LEA only got more powerful in later models as the restraints on registers were removed and more addressing modes got added. Now it can do several additions and a multiplication in a single operation. Reusing that memory hardware/instruction format is a clever ISA decision.
Wait, so if you were imaginative enough with how you use registers to calculate addresses you could abuse LEA as a DSP MAC (multiply/accumulate) instruction?
Compilers do it all the time, for example GCC compiles "x*4 + y" to a single LEA instruction: https://godbolt.org/z/TvdW5sK4b
Aha, playing with it, it looks like the multiply is just a shift because if you try to do anything other than powers of two it has to break it down into more instructions.
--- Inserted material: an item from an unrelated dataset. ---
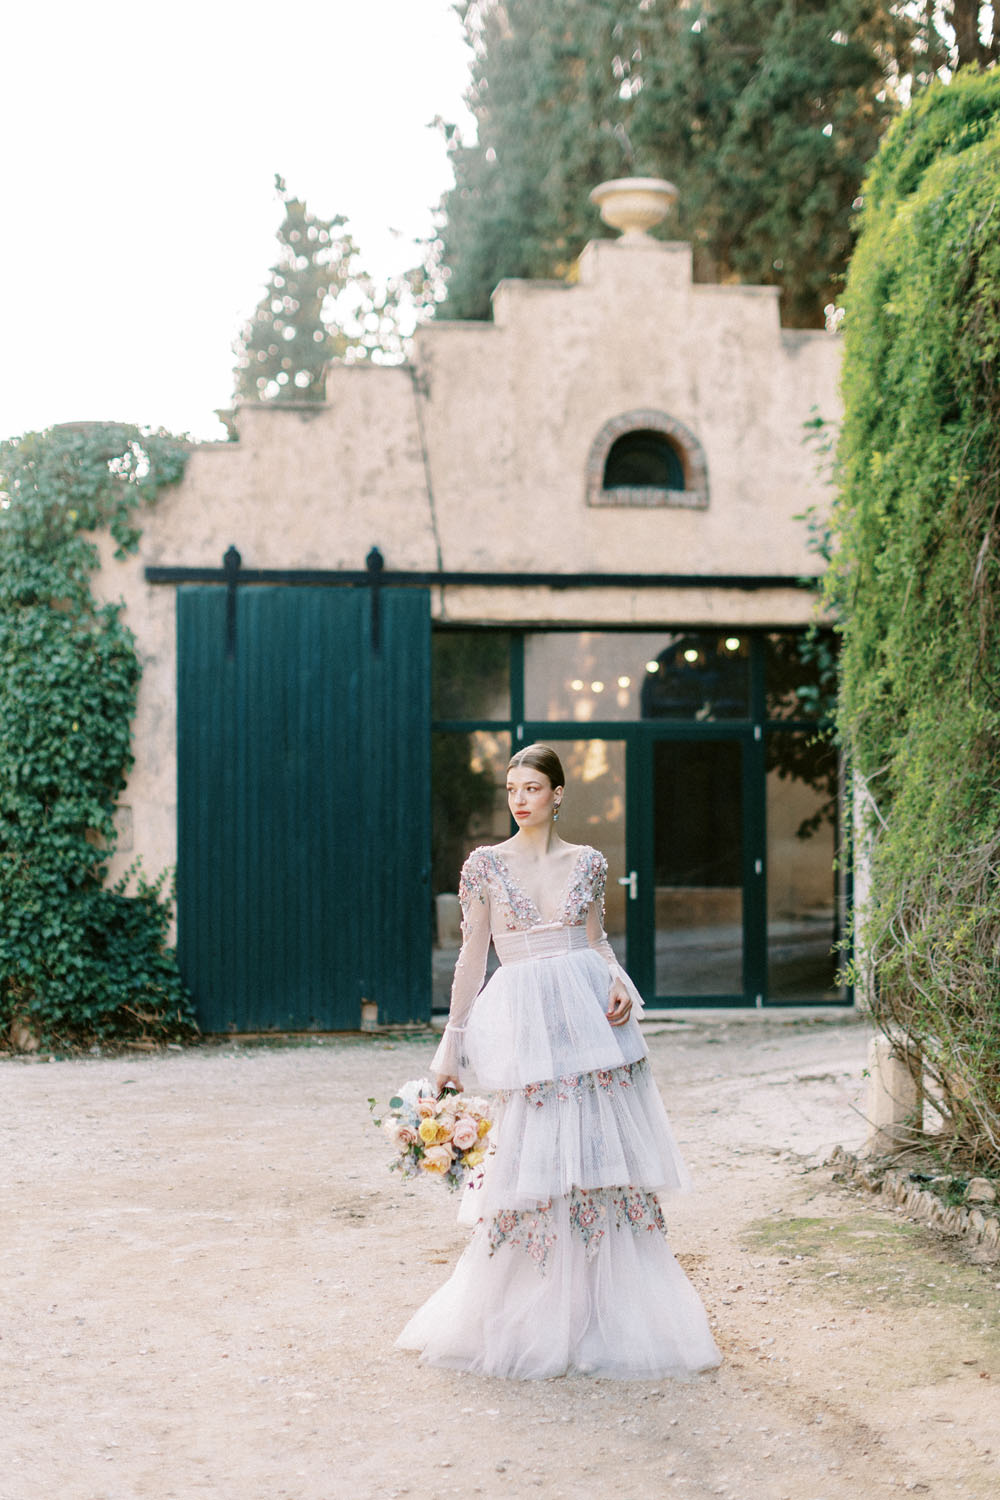 Embellished wedding dress at Greek castle wedding
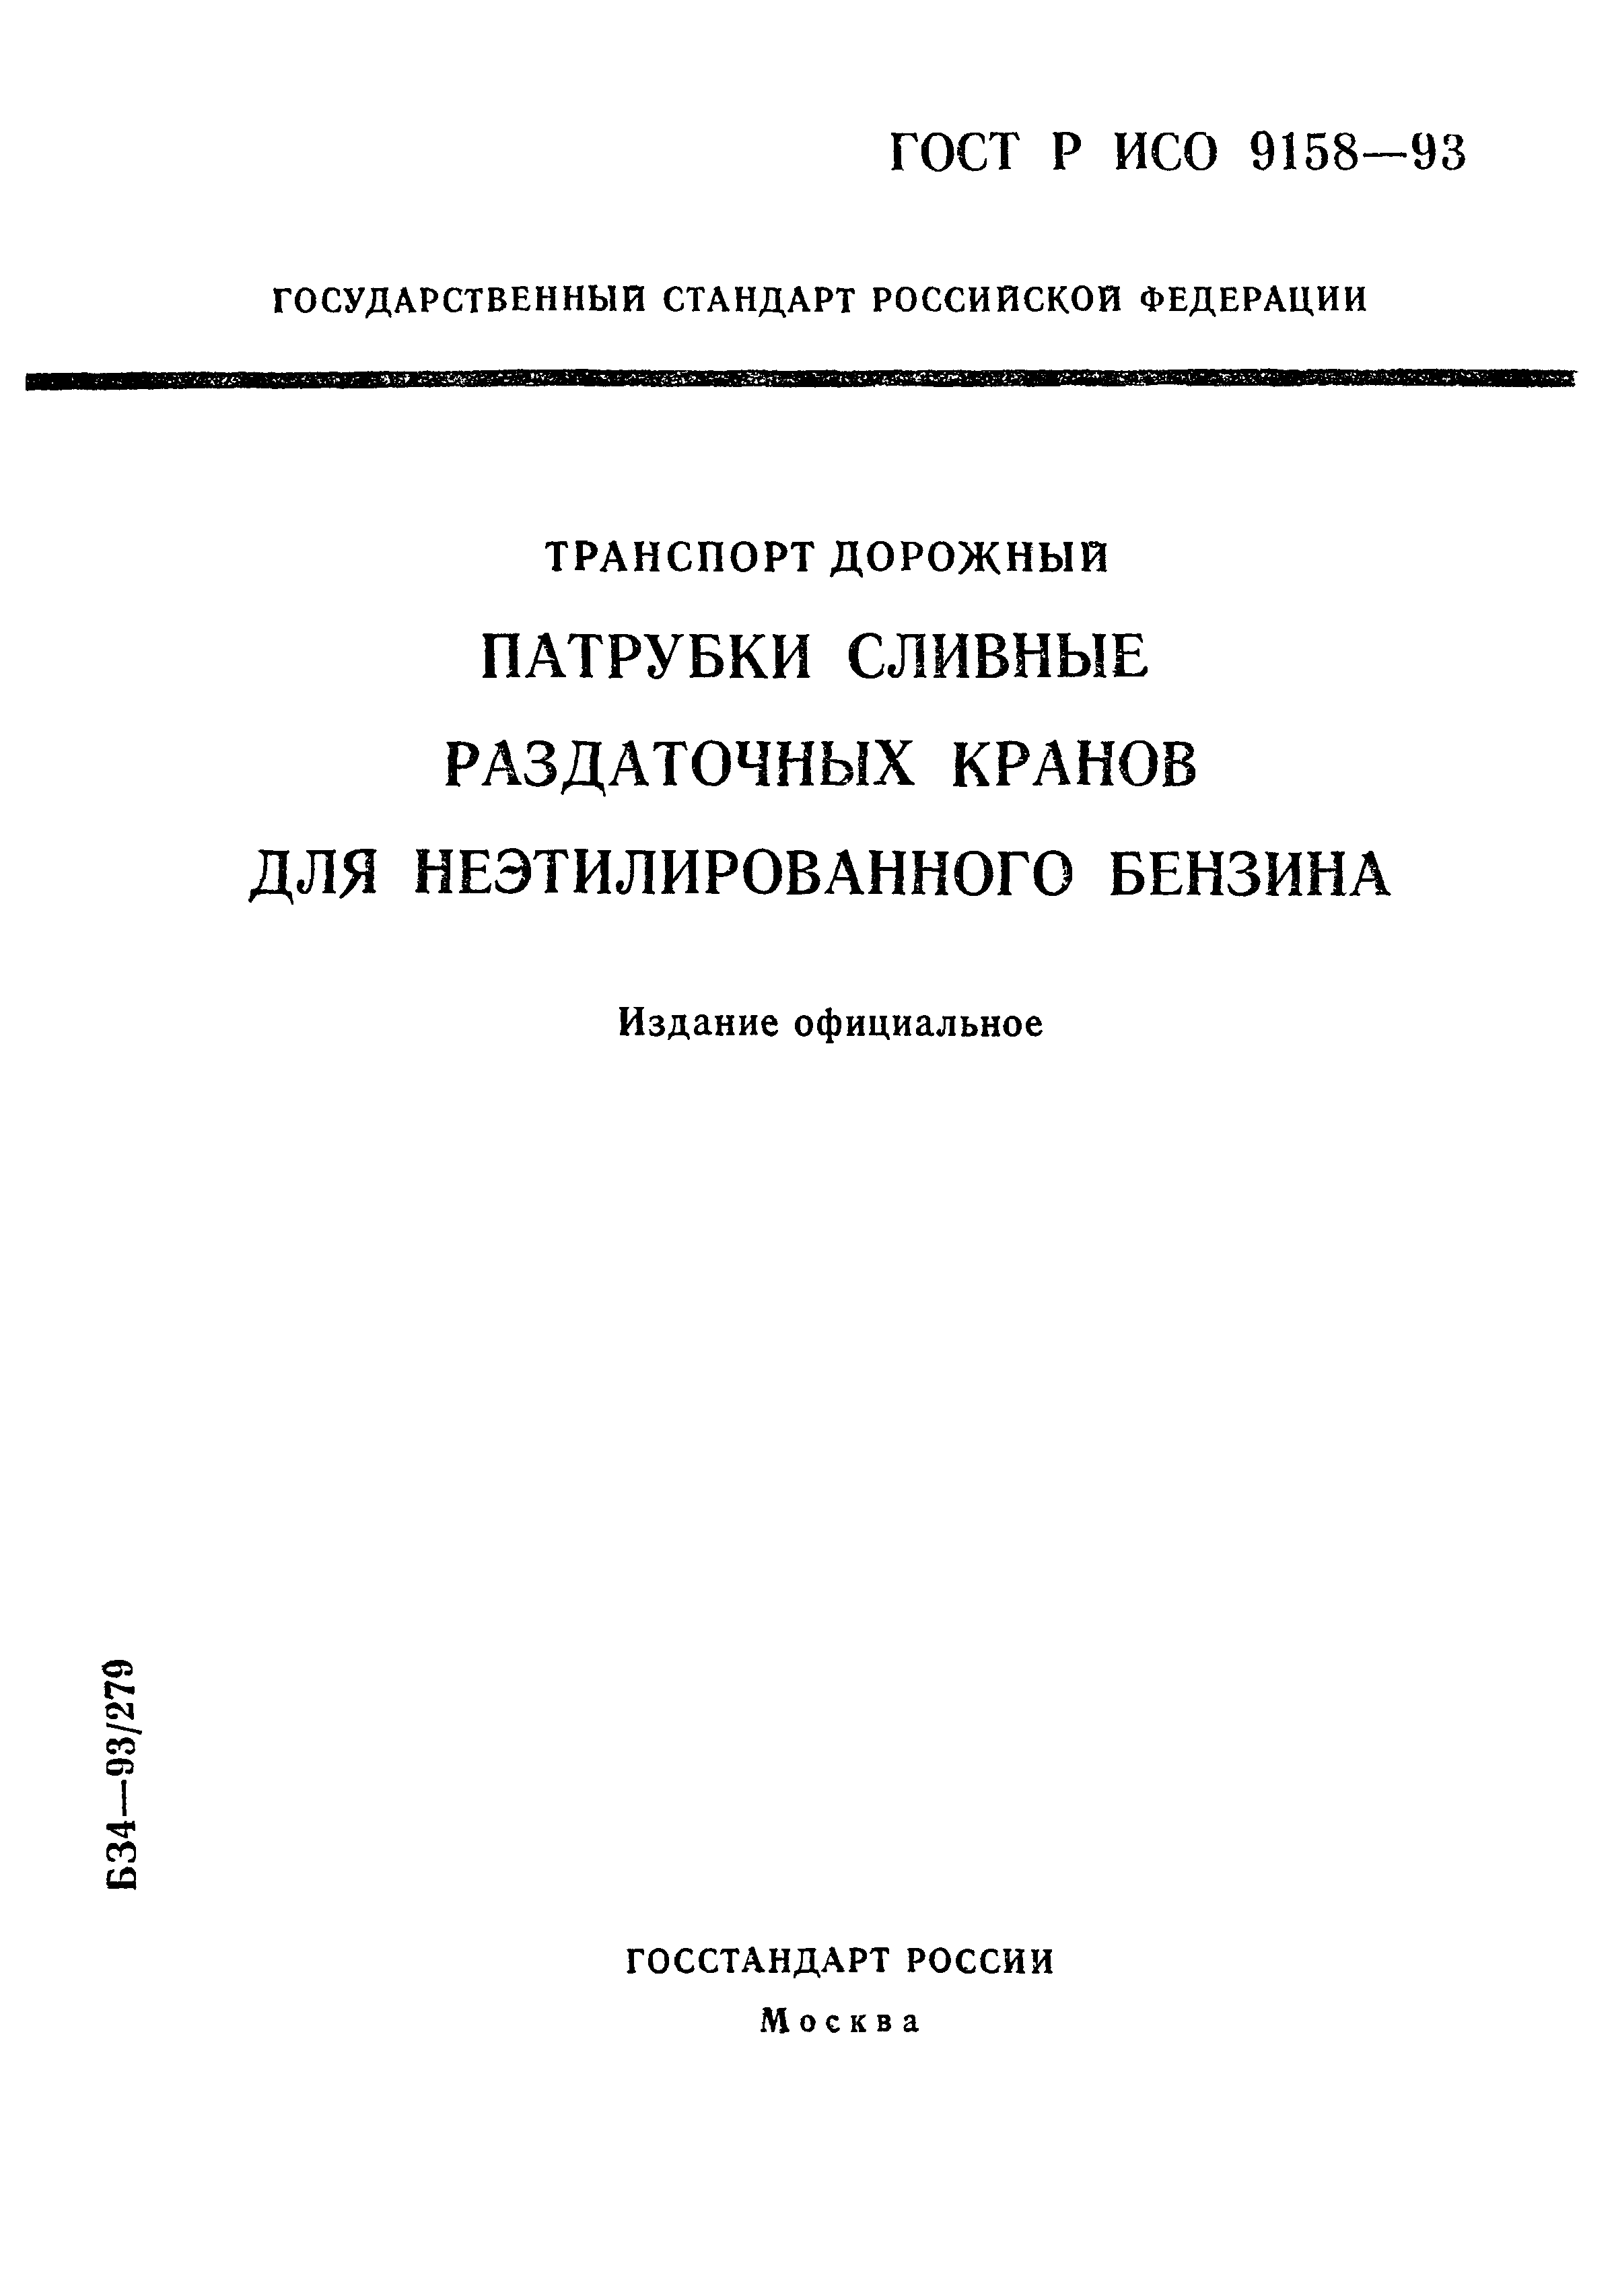 ГОСТ Р ИСО 9158-93

Still clever, though. I guess it's to make it easier and quicker to index over words or multiples of words?

The addressing logic on the 80386+ can add an index shifted left by 0..3 bits (unscaled, x2, x4, x8) with a base register plus an immediate offset.

By using the same register for base and index you can also multiply one register by 3, 5 or 9.

Earlier (16 bit) x86 chips did not have the scaling feature and were limited to certain combinations of base and index (BX/BP as base, SI/DI as index), so LEA was less useful. If the registers are carefully assigned, it could still be used to do an addition and put the result into another register. Normal ALU operations always use one of the operands as their destination.

The system might choose to use relocations for LEA and not for ADD -- this is of course not relevant for stack relative addressing and struct member addressing on the heap. I think I ran into this when coding assembler for DOS in the late 80's.

LEA also gets the "register + offset" thing done in a single instruction instead of two (MOV + ADD). It's also really easy for both assembler programmers and (dumb) compilers.

The "run in parallel" stuff is you looking at modern(ish) CPUs and thinking the original 8086 looked anything like that inside.